Regular expression pattern matching examples

The following examples illustrate general uses of regular expression pattern matching.

Regex examples

snmp-server community public

Finds any line that includes the text snmp-server community public. There can be text before and/or after the string on the same line.

service tcp-keepalives-in.*\n(.*\n)*.*service tcp-keepalives-out>

Finds the first line service tcp-keepalives-in and then looks for service tcp-keepalives-out on any line after that. The regular expression string .*\n(.*\n)*.* is used to search any number of lines between strings.

access-list 105 deny.*tcp any any eq 139 log

Finds the line with access-list 105 deny, followed by any number of characters of any type, followed by tcp any any eq 139 log on the same line. The regular expression string .* finds any character and any number of characters on the same line. This expression can be used to find spaces, tabs, numbers, letters, or special characters.

ntp clock-period \d*

Finds any line that includes ntp clock-period, followed by any number. The regular expression string \d* will find any number at any length, such as 3, 48, or 2394887.

user \x2a

Finds any line that includes user *. The regular expression string \x, followed by a hexadecimal value, specifies an individual character. In this example, \x2a represents the asterisk character, which has a hexadecimal value of 2a.

The following examples illustrate the use of SQL string and regular expression pattern matching in Syslog messages and rules.

Regex examples in Orion Log Viewer and deprecated Syslog Viewer (Search Messages tab)

In Orion Log Viewer, simplified regex patterns are not supported. Orion Log Viewer only searches by string. See View logs and events with the Log Viewer.

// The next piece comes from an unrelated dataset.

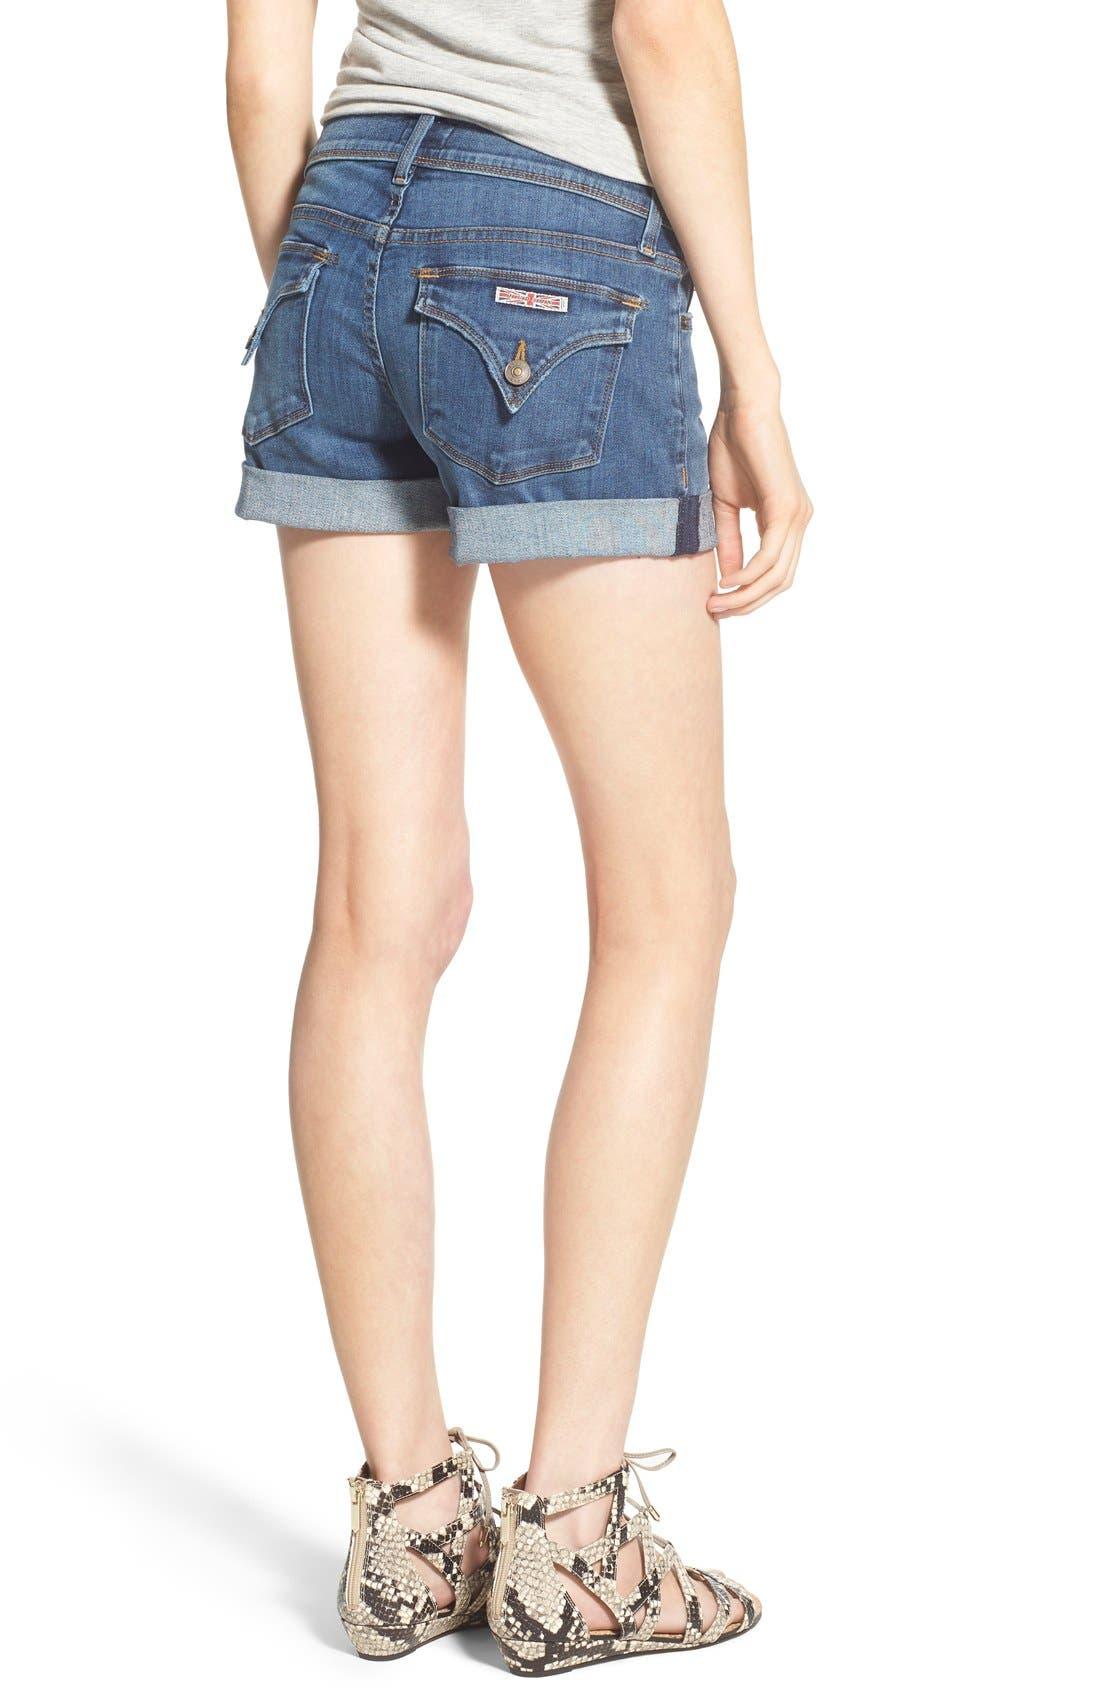 Alternate Image 2  - Hudson Jeans 'Croxley' Cuffed Denim Shorts (Advantageous)
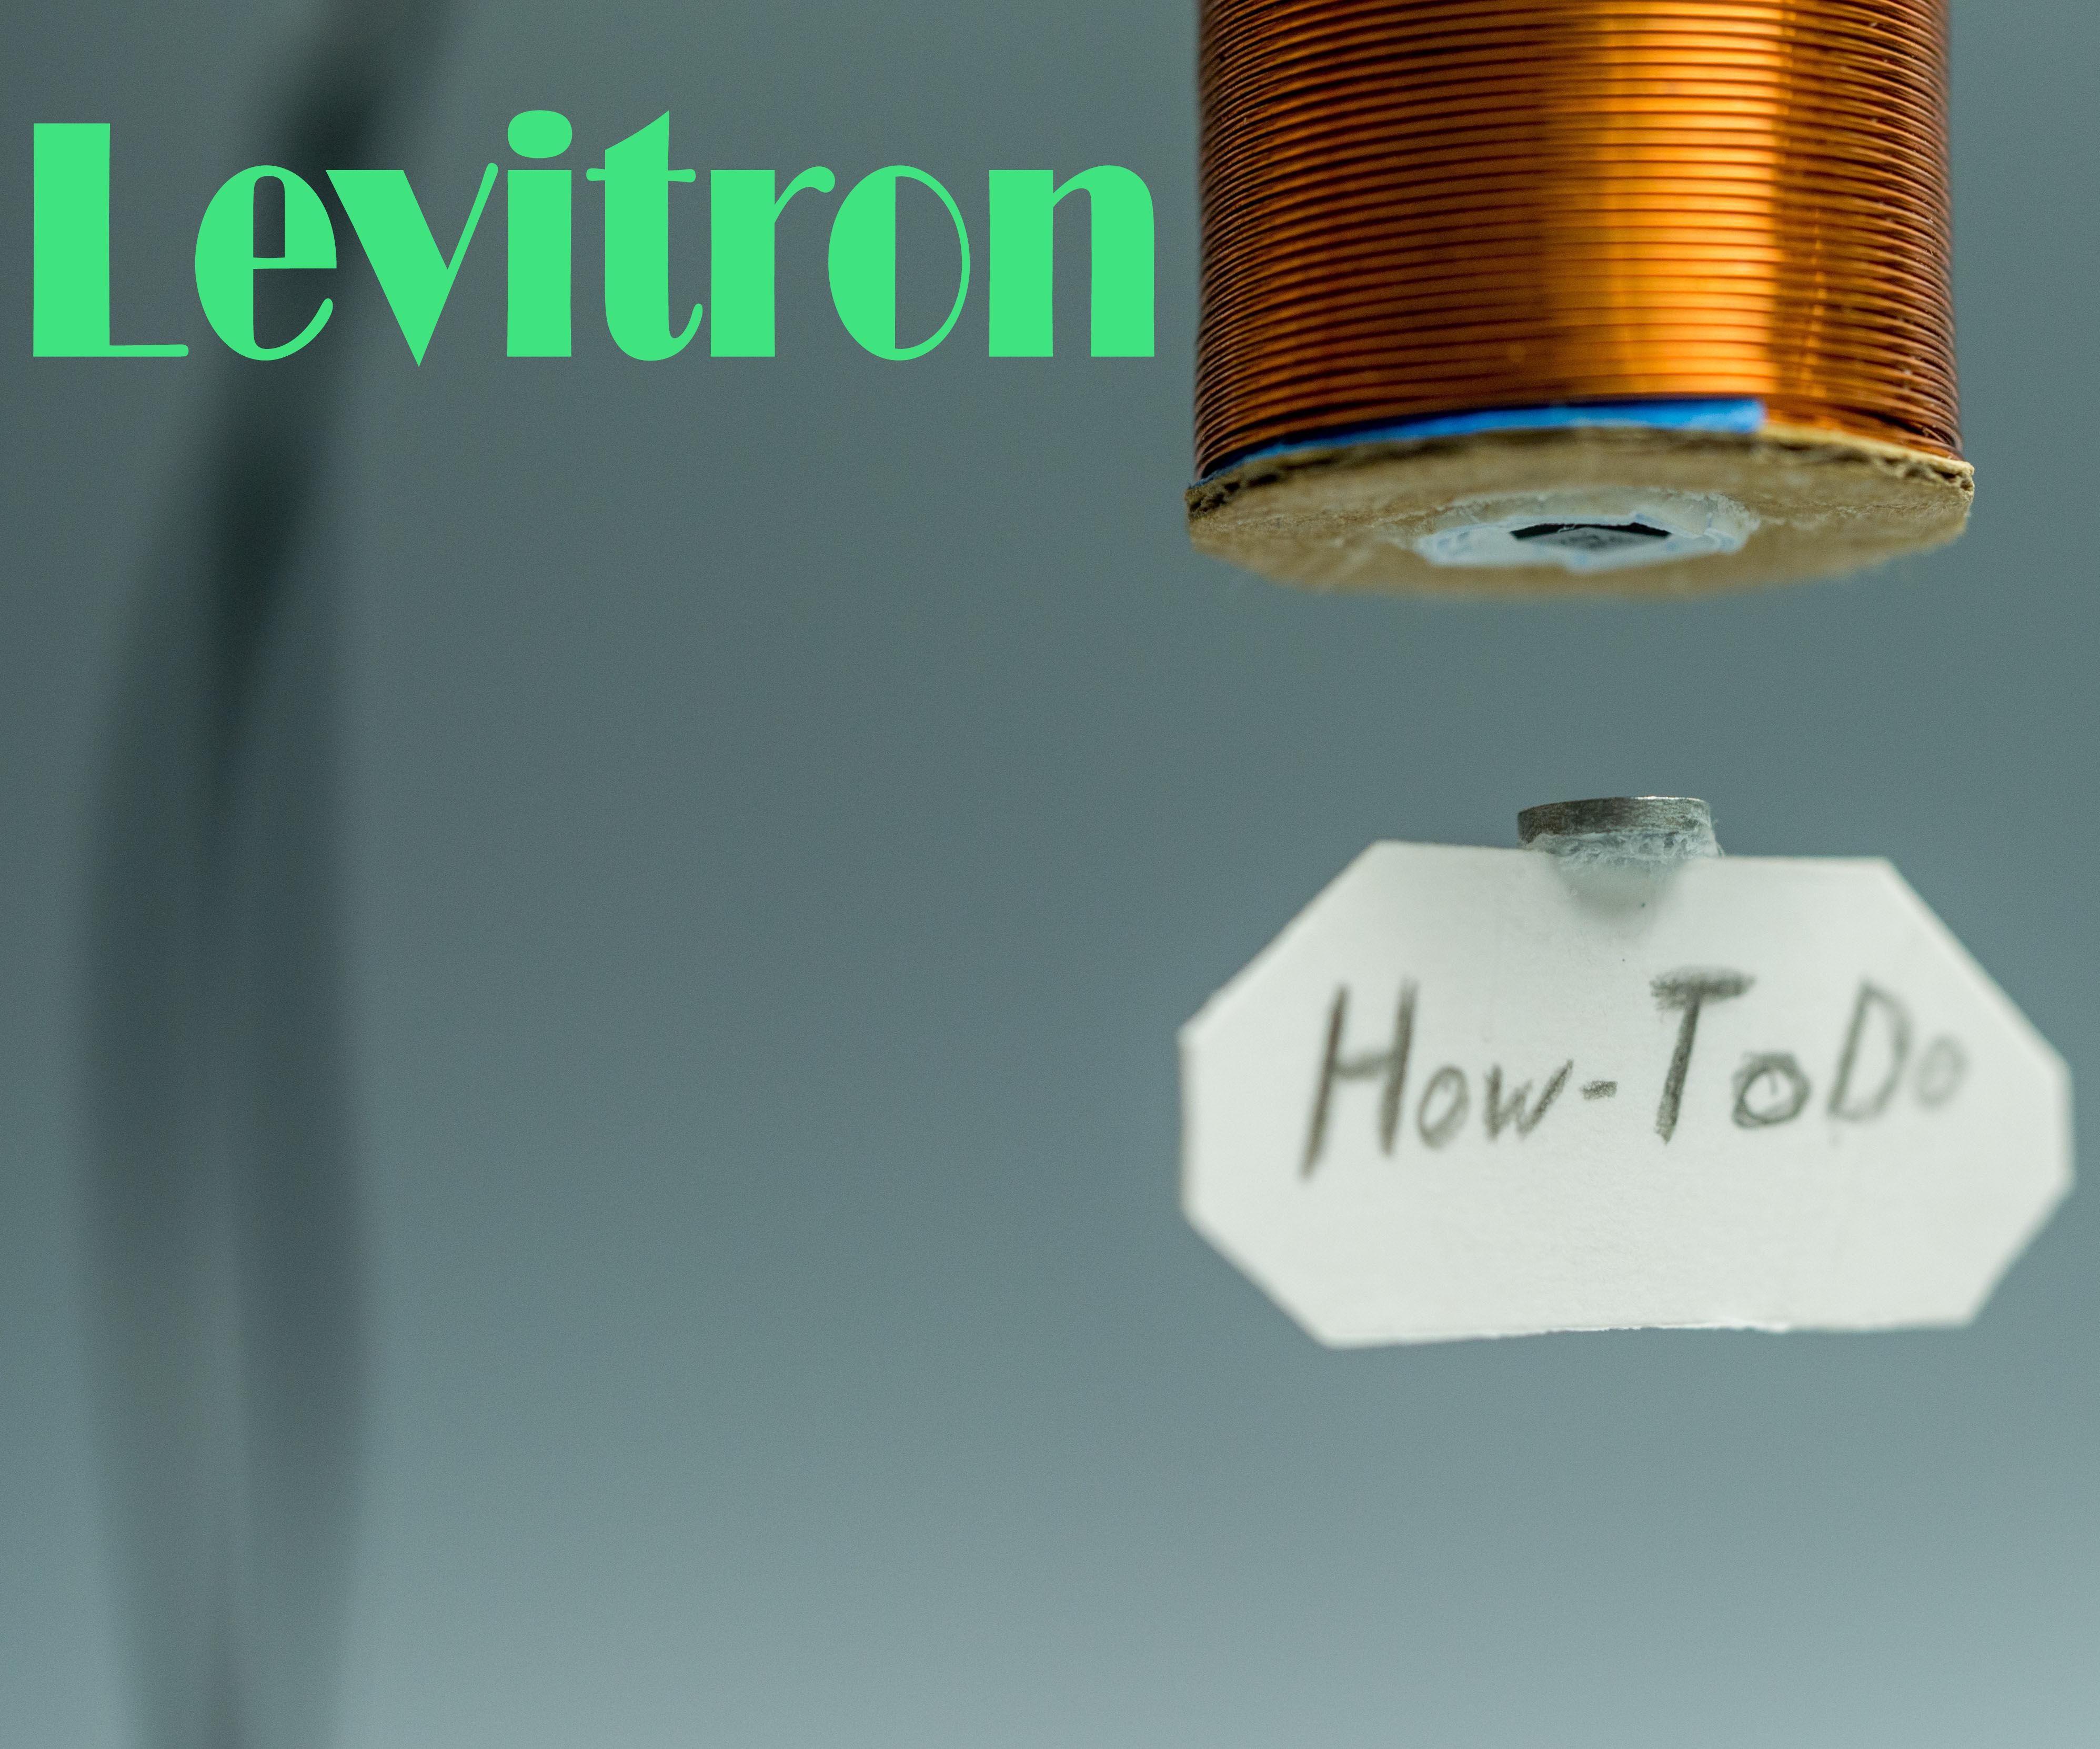 Levitron (electromagnetic levitation device)

In the deprecated Syslog Viewer, regular expression search for syslog messages is not currently supported. Matching is only available on simple SQL string patterns, where ? or _ are used to indicate single, replaced characters and where * or % are used to indicate zero characters or to delineate multiple characters. See View Syslog messages in the SolarWinds Platform Web Console (deprecated)

IP Address filter:

• 192.168.74.* - IP addresses in range 192.168.74.1 - 192.168.74.255
• 192.168.74.? (or 192.168.74._) - IP addresses in range 192.168.74.1 - 192.168.74.9
• *.168.74* (or %.168.74%) - IP addresses containing .168.74
• %.74.25 (or *.74.25) - IP addresses ending with .74.25

Message Type filter:

• orion* (or orion%) - message type starts with "orion"
• message???? - message type starts with "message" plus any 4 symbols, like "message1234"
• %orion% (or *orion*) - message type contains "orion"

Message Pattern filter:

• syslog message from 192.168.* - message starts with "syslog message from 192.168."
• *Server_ * messages containing the word "Server" and any symbol before the space.

Regex examples in Syslog rules

Syslog rules allow you to filter matching messages using a Regex pattern, provided the Use regular expressions option is enabled. Regular expressions may be used in syslog message filtering in the Syslog Viewer.

The following examples do not apply to Orion Log Viewer (OLV). Orion Log Viewer has separate operators, such as starts with, does not start with, ends with, does not end with, or contains.

DNS Hostname pattern

• .*domain.com$ - DNS name ends with domain.com
• ^Orion.* - DNS name starts with Orion.
• .*Orion.* - DNS name contains Orion

Message Type Pattern

• ^[A,B,C] - message type starts with A, B or C.
• ^[0-9].*log$ - message type starts with number value from 1 to 9 and ends with log.

Message Pattern

• .*[^0-9]10.0.0.1[^0-9].* - message contains IP address 10.0.0.1
• ^Orion.*[^0-9]10.0.0.1[^0-9].* message starts with Orion and contains IP address 10.0.0.1.
  

  ".*" could be omitted at both the end and the beginning of the expression.